Logement

14 mai 2020

Vendre ou acheter un bien pendant la crise : mode d’emploi

Le prix des maisons et des appartements va-t-il baisser ? Est-il préférable d’attendre pour vendre ou acheter ? Qu’advient-il de mon emprunt hypothécaire ? Réponse aux questions les plus fréquemment posées en matière d’immobilier.

1. Vers une baisse des prix de l’immobilier en Belgique ?

Il existe un lien direct entre croissance des revenus, laquelle dépend principalement de la croissance économique, et évolution des prix de l’immobilier. Même en tenant compte des mesures gouvernementales destinées à atténuer l’impact de la crise du coronavirus sur l’économie, ING table, pour l’année 2020, sur une contraction de l’économie d’au moins 6,8 % (situation arrêtée au 11 mai). Cela ne signifie pas forcément que le recul de l’immobilier en Belgique sera aussi élevé. Nos experts s’attendent à ce que la baisse des prix nominaux de l’immobilier n’excède pas 2 %, et ce pour plusieurs raisons :

  • Compte tenu du niveau extrêmement bas des taux hypothécaires, l’immobilier demeure un investissement attractif, surtout au regard de la faiblesse des rendements obligataires. Le sentiment d’insécurité généré par la crise sanitaire et la volatilité affichée par le marché des actions ont renforcé la confiance des investisseurs belges dans la stabilité du marché immobilier.
  • En Belgique, la réserve d’épargne globale des ménages atteint un niveau sans précédent. Il est donc permis d’imaginer que cette épargne soit destinée à être investie dans de l’immobilier.
  • Dans leur majorité, nos compatriotes se montrent extrêmement optimistes quant à l’évolution des prix de l’immobilier. Selon notre enquête internationale annuelle, 57 % des Belges pensaient, en 2019, que les prix de l’immobilier ne baisseraient jamais, alors que 30 % des Allemands seulement partageaient cette conviction. La confiance bien ancrée des Belges dans la stabilité du marché immobilier et leur attachement viscéral à la brique n’accréditent pas la thèse d’une forte correction à la baisse. 

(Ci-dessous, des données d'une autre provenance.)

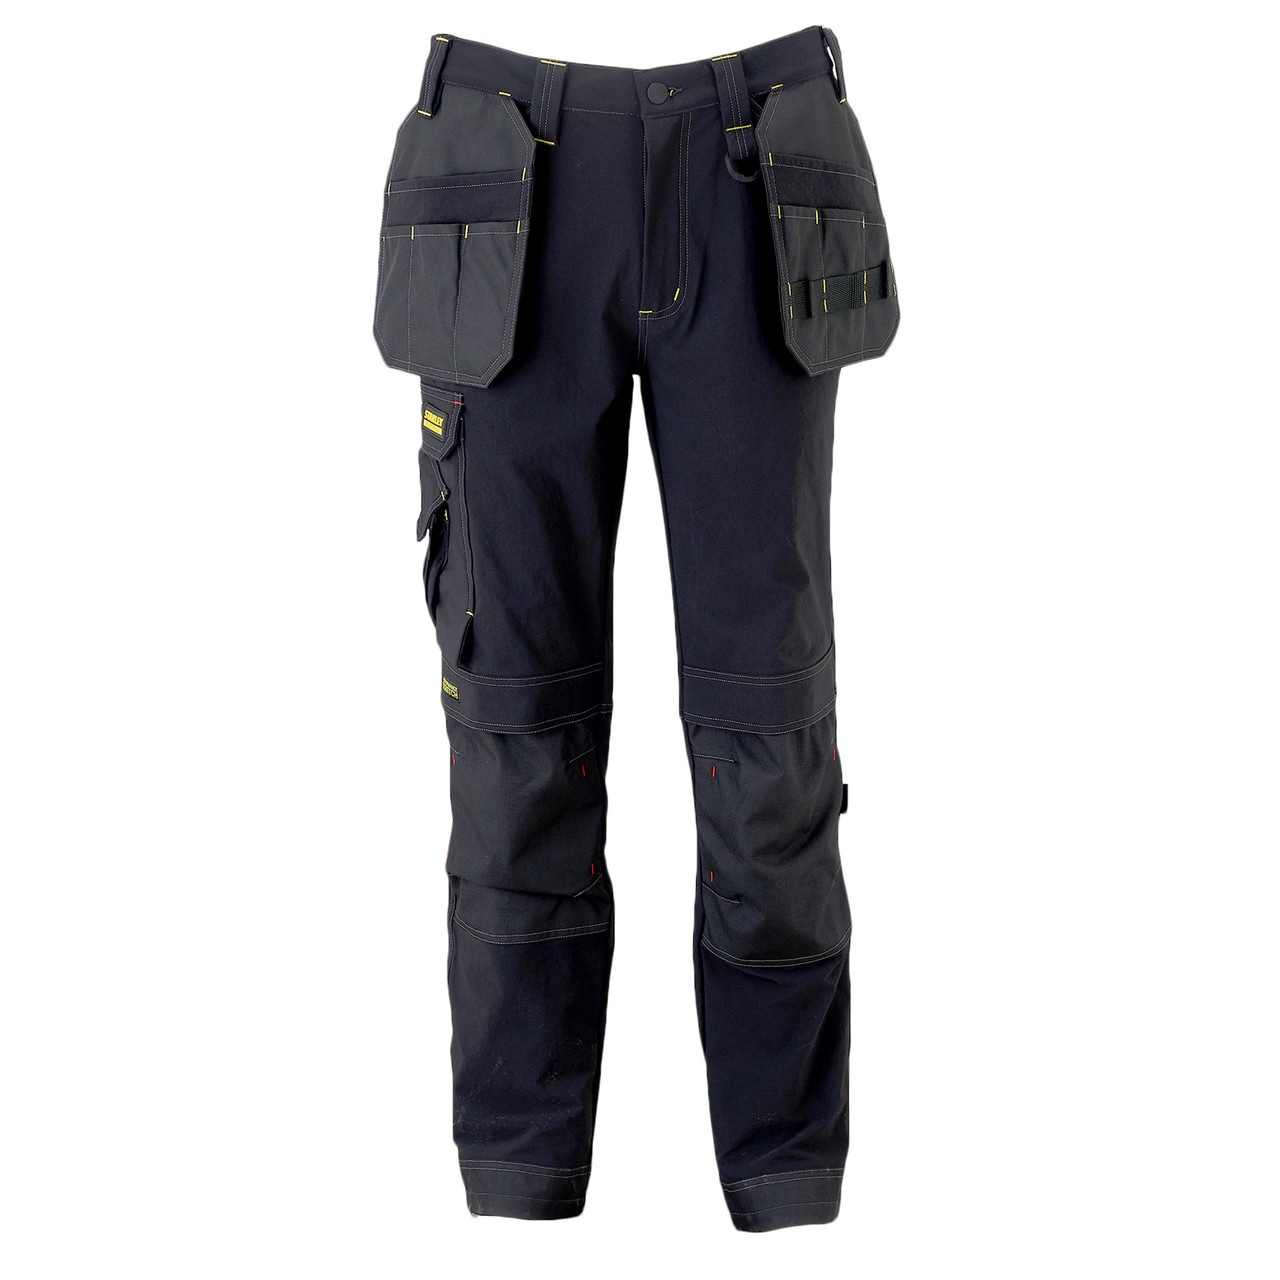 OX Workwear Ripstop Trousers - Size 30 to 38 waist

ING s’attend à ce que la croissance des revenus soit fortement négative au premier semestre 2020, mais pense que l'économie pourrait se redresser par la suite. Vu que la récession sera de courte durée, la confiance des Belges dans l’immobilier ne devrait en principe pas être ébranlée. Si, malheureusement, la contraction de l’économie est supérieure aux prévisions (- 6,8 %), la baisse des prix immobiliers sera plus conséquente.  

2. Est-il préférable d’attendre pour acheter ou vendre un bien immobilier (maison, appartement…) ?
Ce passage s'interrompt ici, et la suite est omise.